David Freeman: But the interesting thing is: it takes nearly a police state. Do you know how many security guards that are around a nuclear plant? We don’t even talk about the fact that if you want to put a radioactive Trojan horse into your country, you put a nuclear power plant. I mean, we are living in the Age of Terror, where no one in their right mind would build a radioactive facility in your own midst if you were starting from scratch, which requires hundreds of people to guard in which Lord only knows what’s going to happen. I don’t even like to talk about that. But that’s of course all that needs to happen is for ISIS to find a little bit of plutonium somewhere in the world and God knows what’s going to happen. God bless Obama if he’s going to Hiroshima to try to persuade the world to get rid of nuclear power altogether. But the first thing you got to do is to stop this promotion of civilian nuclear power, because there is no such thing as a peaceful atom. The road to the bomb is the nuclear power plant. And we’ve got to stop it. Otherwise, God knows what’s going to happen in the next ten, twenty, thirty in this country.

Ralph Nader: David Freeman, how do people get in touch with you? And give them the title of your new book.

David Freeman: It’s All Electric America, and you can get it in Amazon or places like that. And my email is greencowboysdf@gmail.com.

Ralph Nader: Is that S as in Sam?

David Freeman: Right. As in “Stupid.”

Ralph Nader: D as in dog and f as is Friend?

David Freeman: Right.

Ralph Nader: Okay. We’ll see you on May 26th Thursday at Constitution Hall. Folks, you want to attend there are scholarships if you can’t afford it. Go to breakingthroughpower.org and see this dazzling Super Bowl of citizen action. And it’s about time we highlighted all the citizen groups that make life so much safer and healthful and stand up to tyranny, whether corporate or government. I might add that we’ve got a set of presidential elections these days that appear to be off limits to democracy. Here comes democracy in action at Constitution Hall between May 23rd and May 26th of this month. Thank you very much, David. We’ll see you there.

David Freeman: Looking forward to it. Bye, bye.

Steve Skrovan: We've been talking to David Freeman former head of the Tennessee Valley Authority and long time opponent of nuclear power. He also will be participating in the Breaking Through Power conference this May 23rd to May 26th. Go to breakingthroughpower.org. We will link to all of this on the Ralph Nader Radio website. But right now, let’s take a short break and find out what our corporate crime reporter Russell Mohkiber is doing over at the National Press Building. Russell?

Russell Mohkiber: From the National Press Building in Washington DC, this your corporate crime reporter morning minute for Friday May 13, 2016. I'm Russell Mohkiber.

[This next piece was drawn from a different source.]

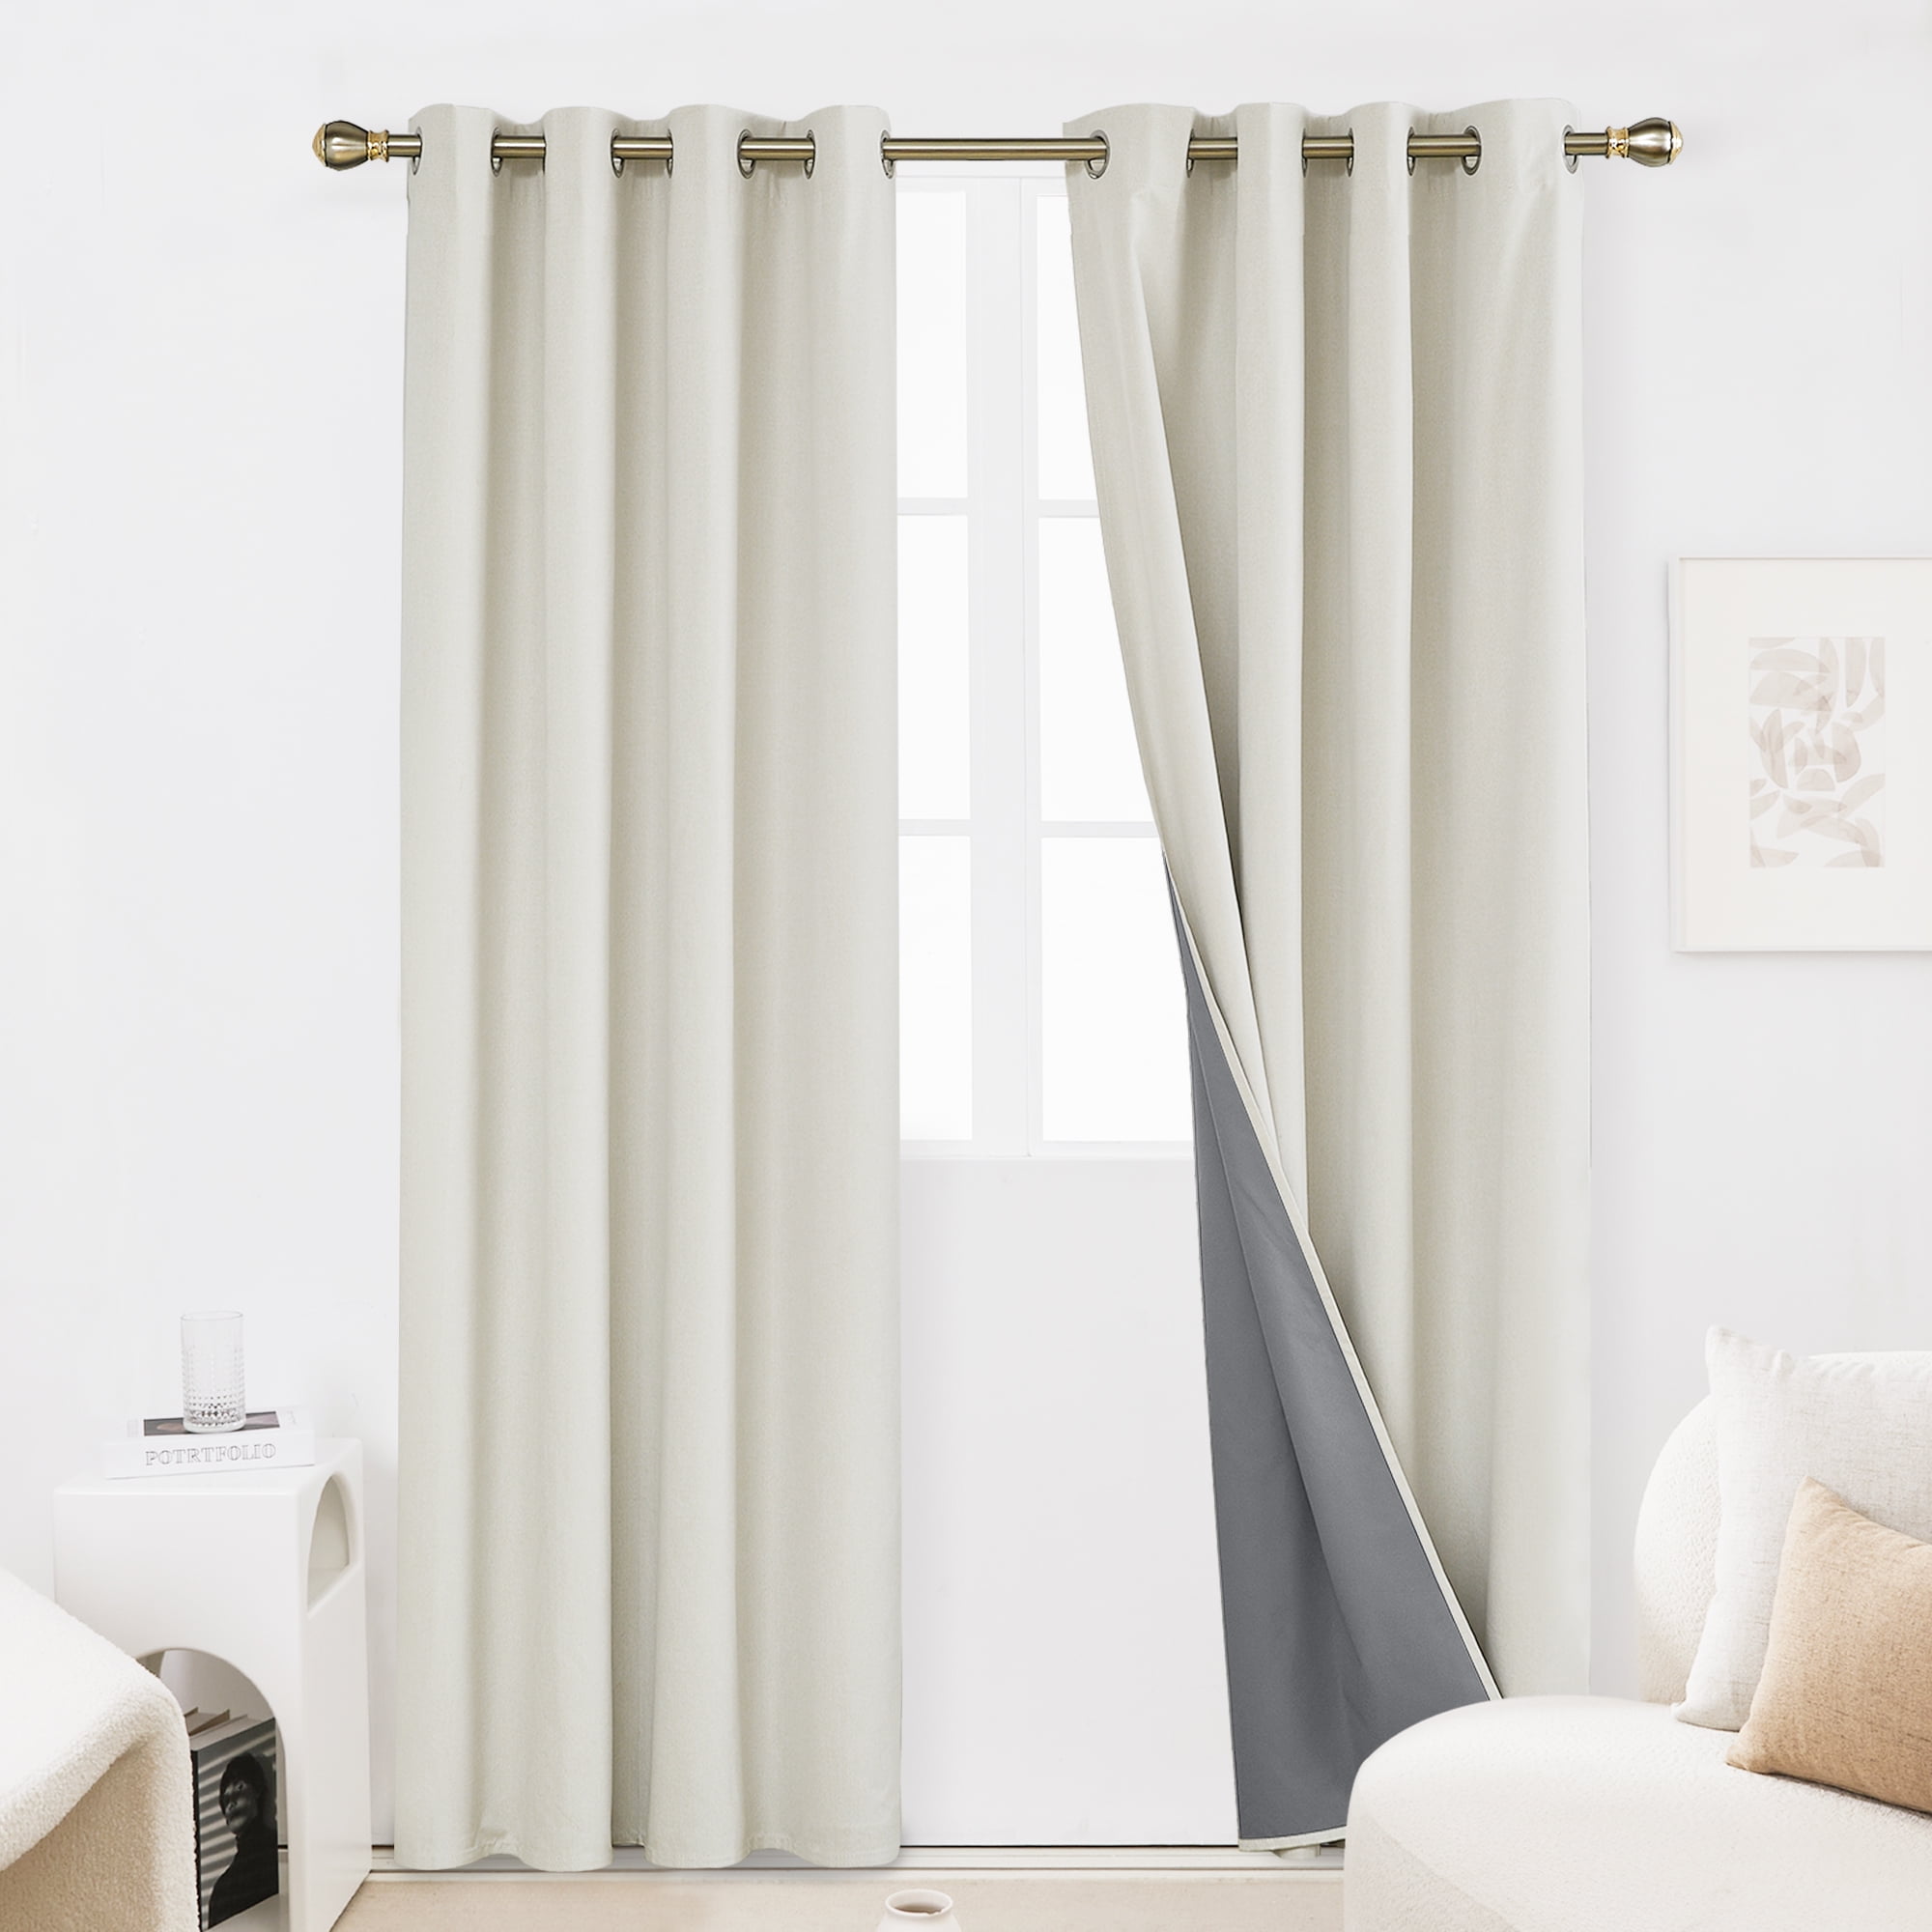 50m Cream Cotton Sateen Curtain Lining Premium Quality

The Grand Canyon, sponsored by Budweiser. Yosemite, sponsored by Starbucks. According to a recent report in the Washington Post, corporate naming rights may be coming to a National Park near you. A Coca Cola Visitor Center will be off limits but an auditorium at Yosemite named after Coke will now will permitted. Naming rights to the roads are not up for grabs, but visitors could tour Bryce Canyon in a bus wrapped in the Michelin Man. And park goers could sit on a bench named for Humana Health Insurance and store their food in a bearproof locker emblazoned with the Nike swoosh. The National Park system, created a century in order preserve the countries natural treasures for the public, has long been avower against commercialization. But now the National Park service is making a more aggressive appeal for corporate donors. For the corporate crime reporter, I'm Russell Mohkiber.

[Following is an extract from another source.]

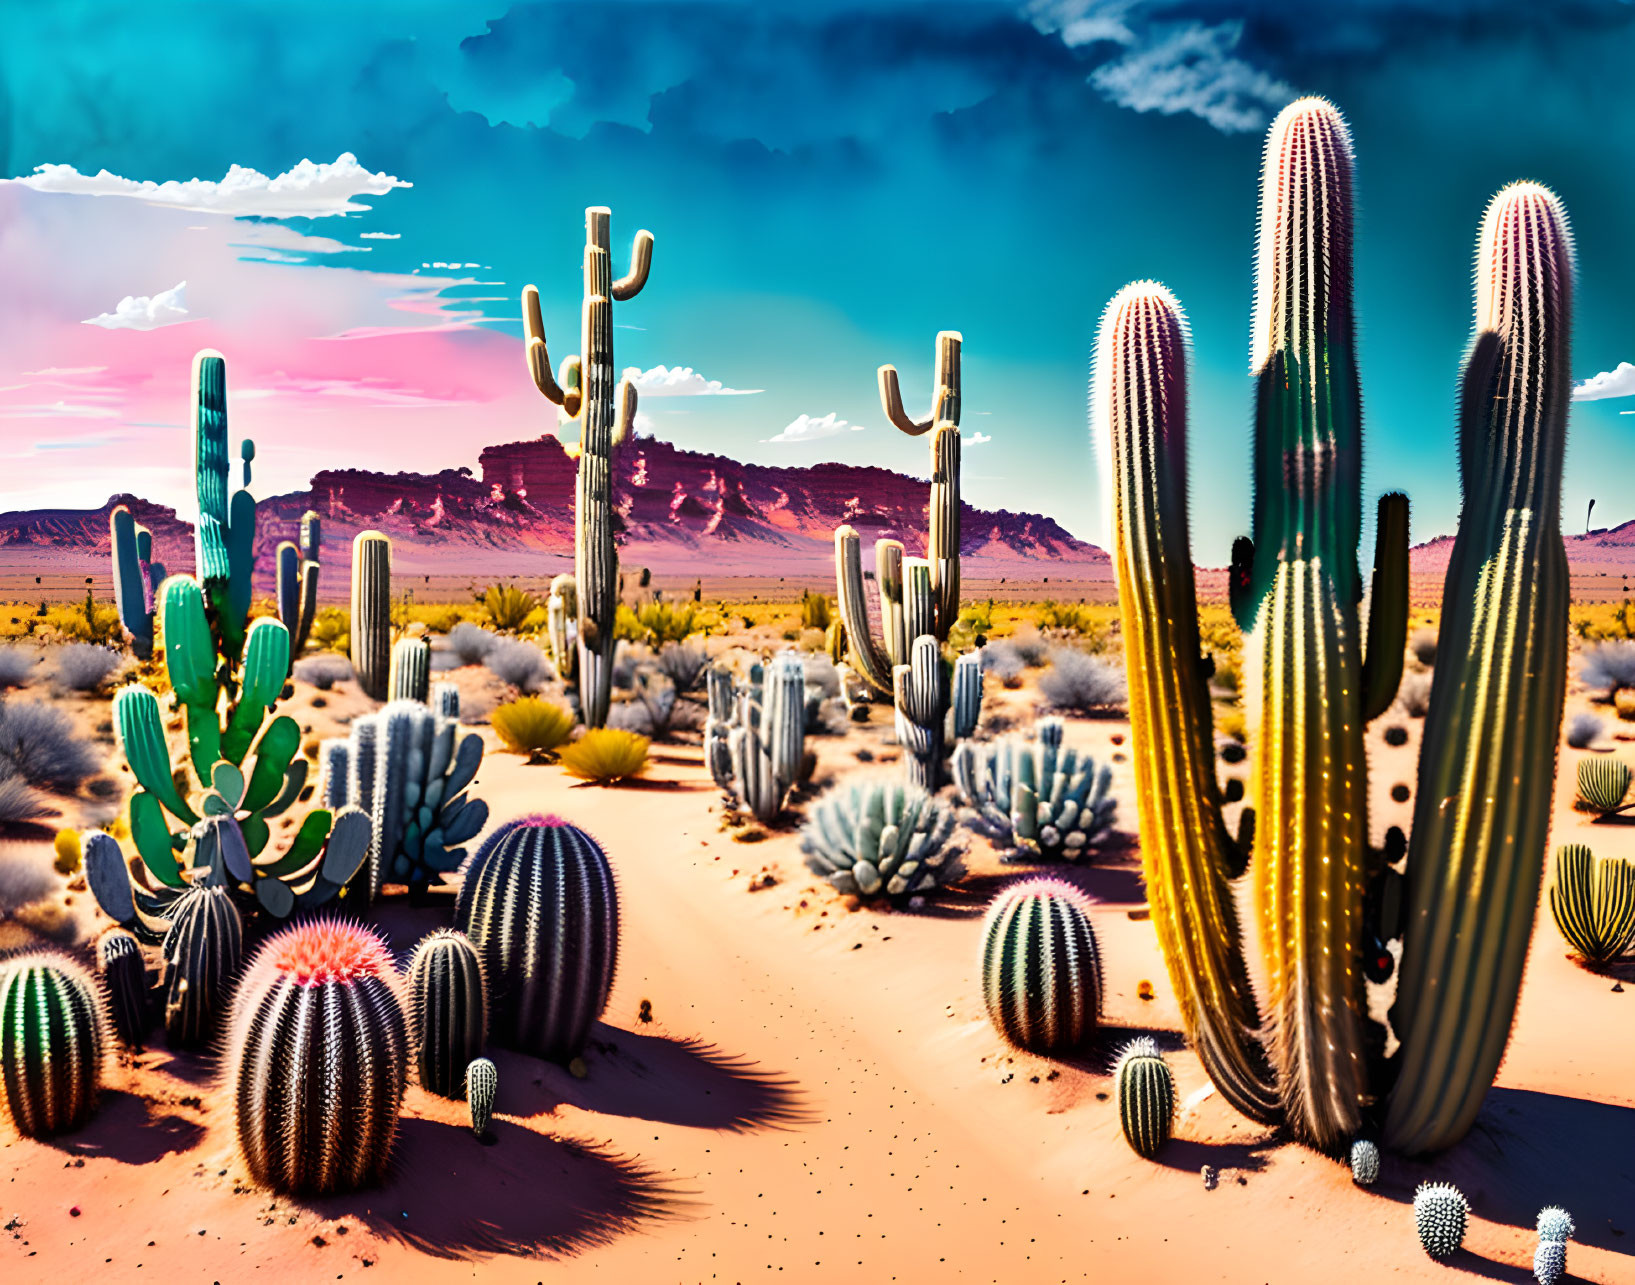 Diverse cacti in vibrant desert landscape under blue sky

Steve Skrovan: Thank you, Russell. Our next guess is a physician who’s specialized in infectious diseases during a distinguished career that included teaching, research and administration as well as clinical medicine. His name is Doctor Gordon Douglas. Doctor Douglas was the founding President of Merck’s Vaccine Division and along with his wife Sheila Mahoney created the program Princeton Studies Food, a coalition of faculty, researchers, students, alumni, staff and community members tackling the challenge of feeding the world’s people while preserving the earth and its resources. Welcome to the Ralph Nader Radio Hour, Doctor Gordon Douglas.

Gordon Douglas: Thank you.

Ralph Nader: Yeah. Gordy and I were classmates at Princeton in the class of 1955, which established the leading alumni group to place Princeton undergraduates and graduates in civic action groups all over the country. It’s now called Princeton Alumni Core. Gordy, as we call Gordon Douglas, I'm going to ask you a little bit about the Zika virus near the end of our discussion, because you are one of the world’s leading experts on infectious diseases. But, you wrote me a letter recently in response to a communication I sent to you about your food project at Princeton University, and you said quote “The food you and I ate sixtyfive years ago was truly terrible. The good news is that it has changed.” Can you tell our listeners what we suffered at Holder Hall in the early ‘50s in the cafeteria there, and how things have changed in terms nutrition and wholesome food?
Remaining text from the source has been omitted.